Ghanaians will wake up tomorrow to a new era where the monies they transfer online and on mobile will attract a tax of 1.5% once they exceed a daily cap of GHS 100 ($13) in cumulative payments.
Because of widespread disaffection about the way the government has gone about imposing this tax, riding roughshod over many important stakeholders to bulldoze it through, it has had to make last-minute concessions in an attempt to blunt some of the anger. These concessions were mainly in the form of “exemptions”.
Payments made to a range of recipients, for a variety of purposes, and to a sender’s own accounts and/or wallets, regardless of where they are held, were exempted from the e-levy.
To enable these cross-network, industry-wide, exemption rules and processes to take effect, there was a need for some kind of central catalog of APIs and services for the nearly 400 financial services operators allowed to charge the tax to uniformly adopt for consistency.
The industry proposed a clear set of specifications that they could implement on their own and suggested the creation of a set of APIs operated by a national payments switch, such as the GhIPPS. Other commentators warned about the complexity of developing cross-network, industry-wide, charging rules to deliver fully on the exemptions. Characteristic of the government’s current attitude to stakeholders, all these warnings and admonitions were ignored.
The Ghana Revenue Authority (GRA) insisted that it had developed a solution called ELMAS that could centrally manage all these ad hoc and constantly evolving rules (example: a cumulative exemption cap of GHS 20,000 was abruptly added for corporate banking transactions). It strenuously denied that any private contractors were involved at state cost.

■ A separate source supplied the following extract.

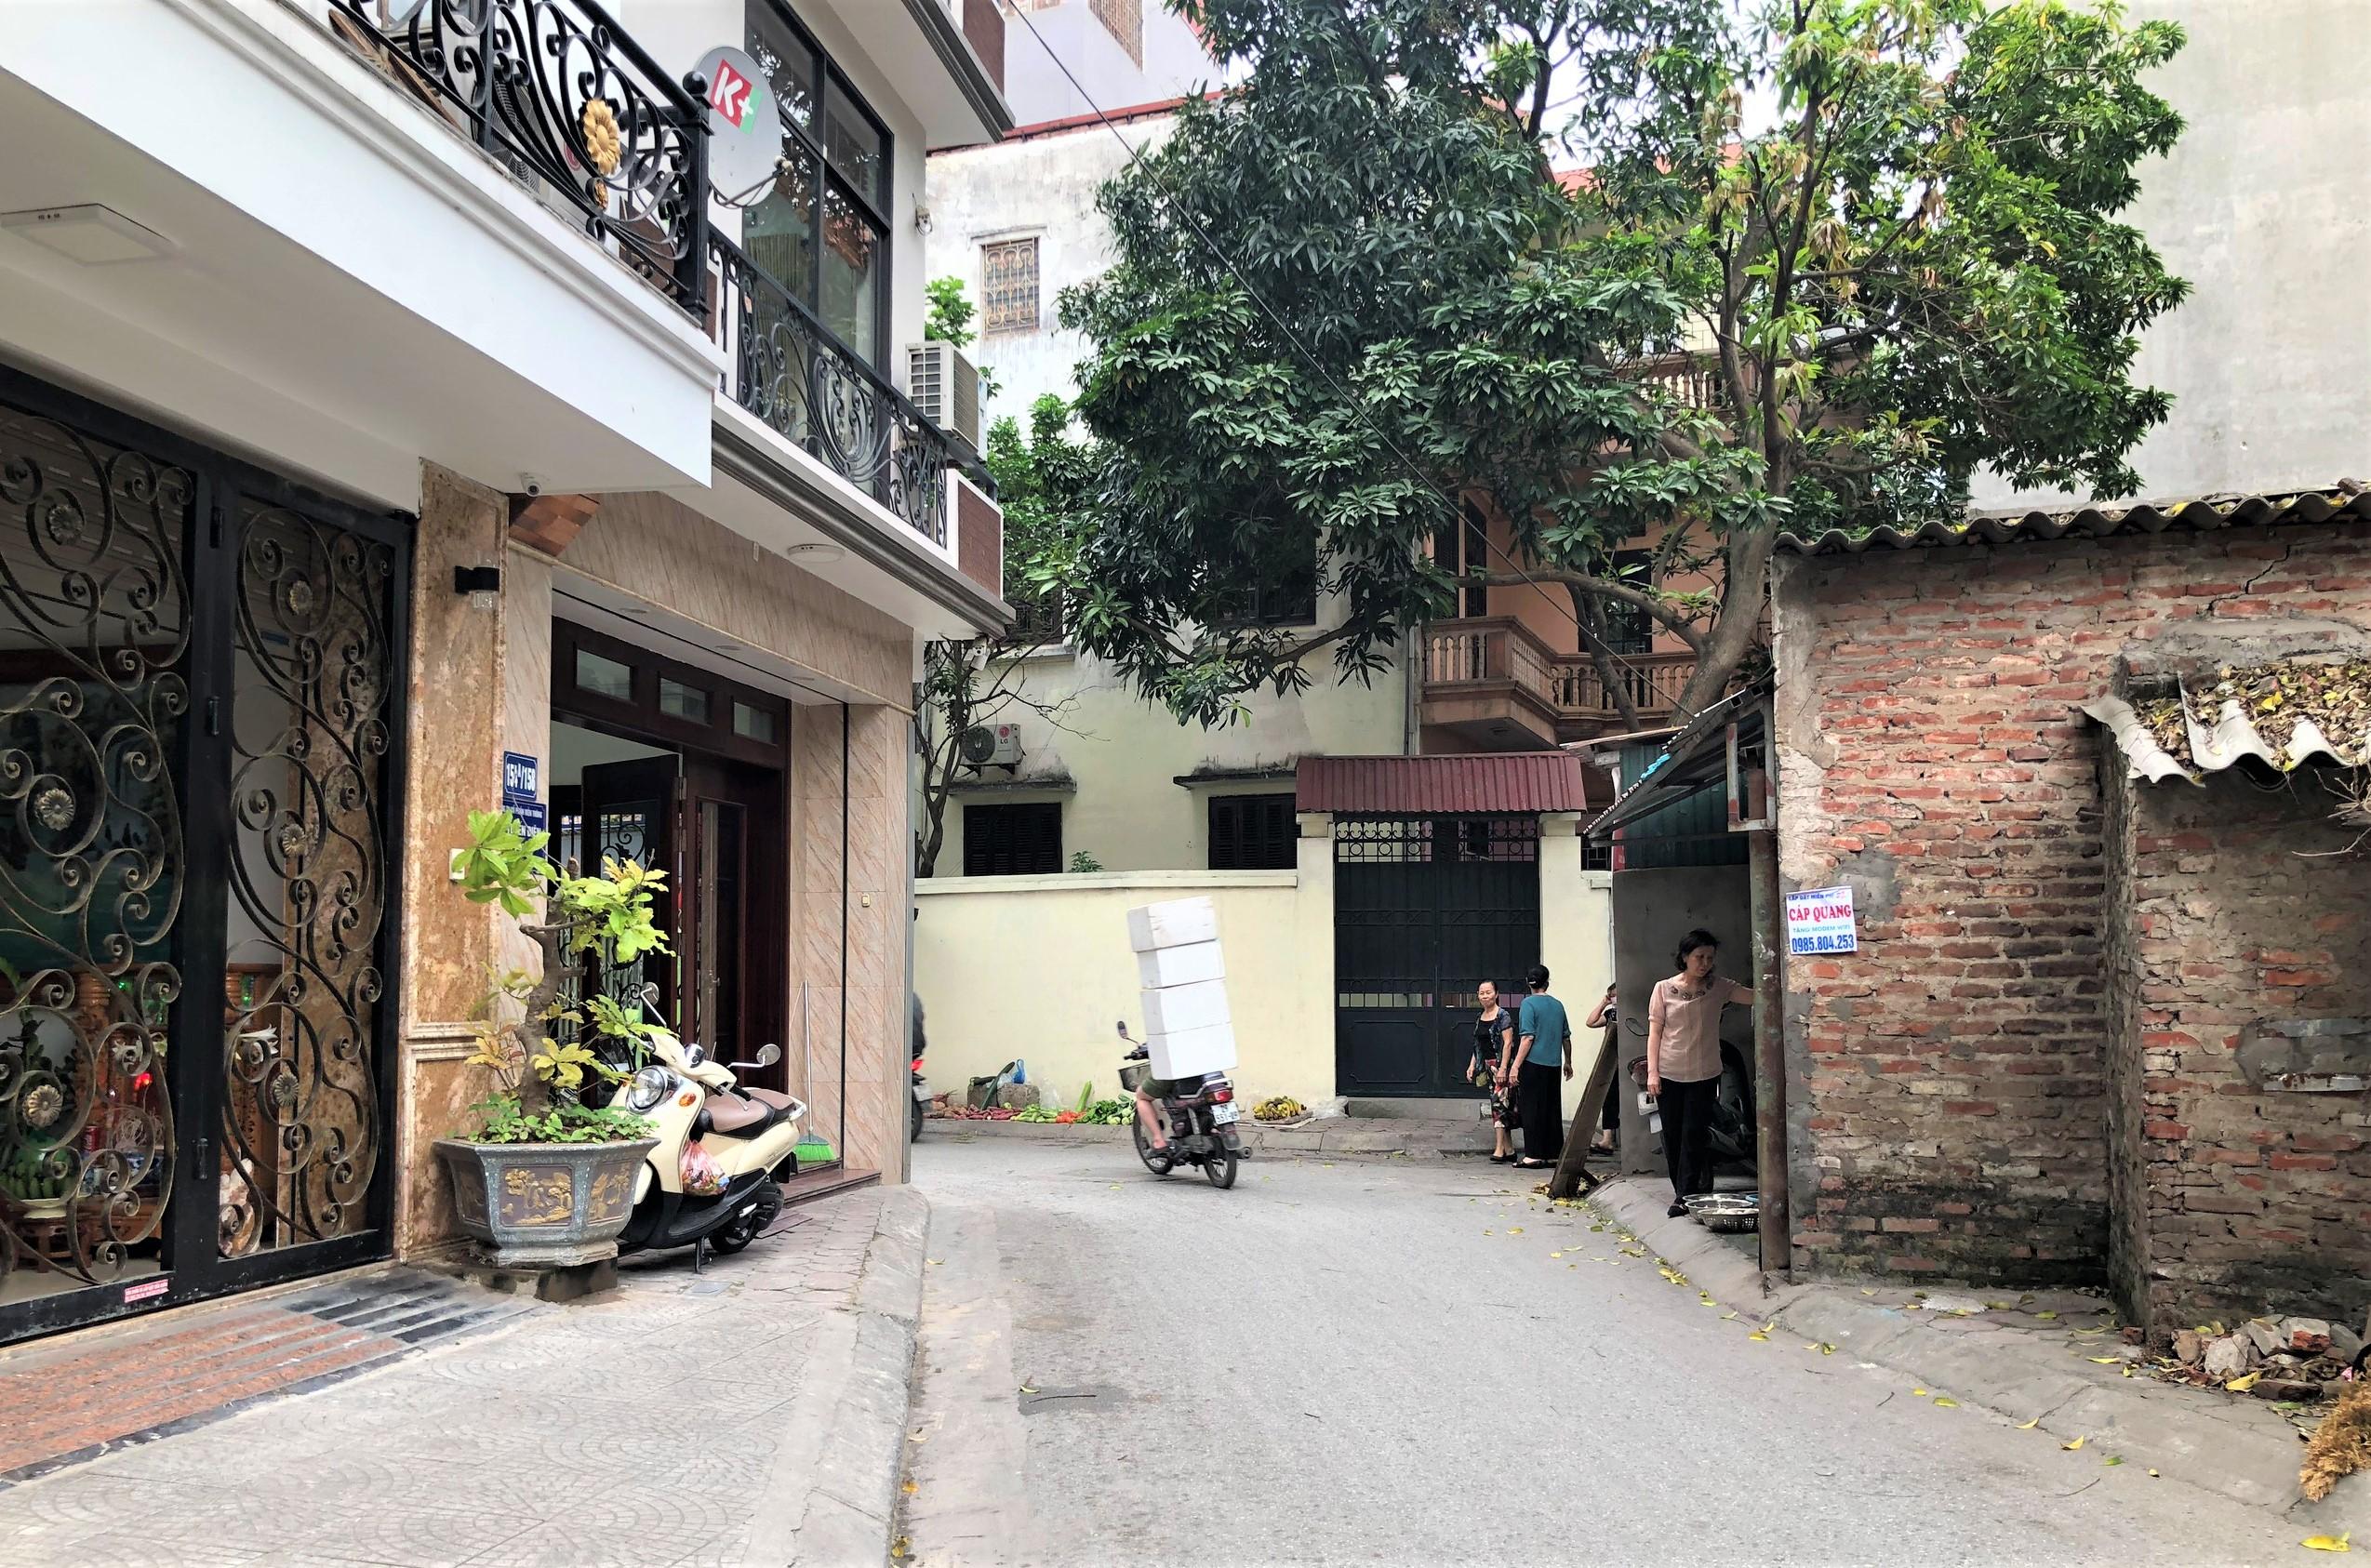 Đường sắp mở theo quy hoạch ở phường Ngọc Hà, Ba Đình, Hà Nội (phần 3): Hai đường nối ngõ Đội Cấn - phố Ngọc Hà  - Ảnh 7.

It was eventually discovered that not only was the ELMAS shrouded in opacity, but it was also steeped in confusion and lack of candour. Industry players insist that they detected the involvement of shady and conflicted private contractors behind the GRA front presented throughout the attempts to build the industry-wide charging and exemptions framework. “Conflicted” in the sense that the ELMAS was also pitched as a monitoring system. How then can contractors known to be active players in the industry be brought in stealthily as referees and traffic conductors were it not for cronyism and other self-serving interests?
Whatever be the motivation of the government agencies, the poor design of the whole e-levy; refusal to heed industry advice and the inputs of well-meaning critics; the unrealistic timelines; and the failure to create a truly above-board and professional framework, have all led to a situation where several critical exemptions shall not work smoothly come tomorrow.
Instead of an industry-wide framework, individual financial services operators will use their internal billing systems to apply the tax and any applicable exemptions only within the confines of their own network. Cross-operator exemptions shall be constrained.
The government’s bid to prevent mass defections from electronic payments and a reversion to cash, which would undermine both the revenue objectives of the tax and Ghana’s budding digital economy, is now under threat.
Such a sad spectacle would have been averted if good faith consultations with all relevant stakeholders had been undertaken. Instead, opacity, favouritism, aloofness and lack of candour and transparency, have once again been allowed to derail the reputation of Ghanaian government agencies for professional and effective policy design and implementation.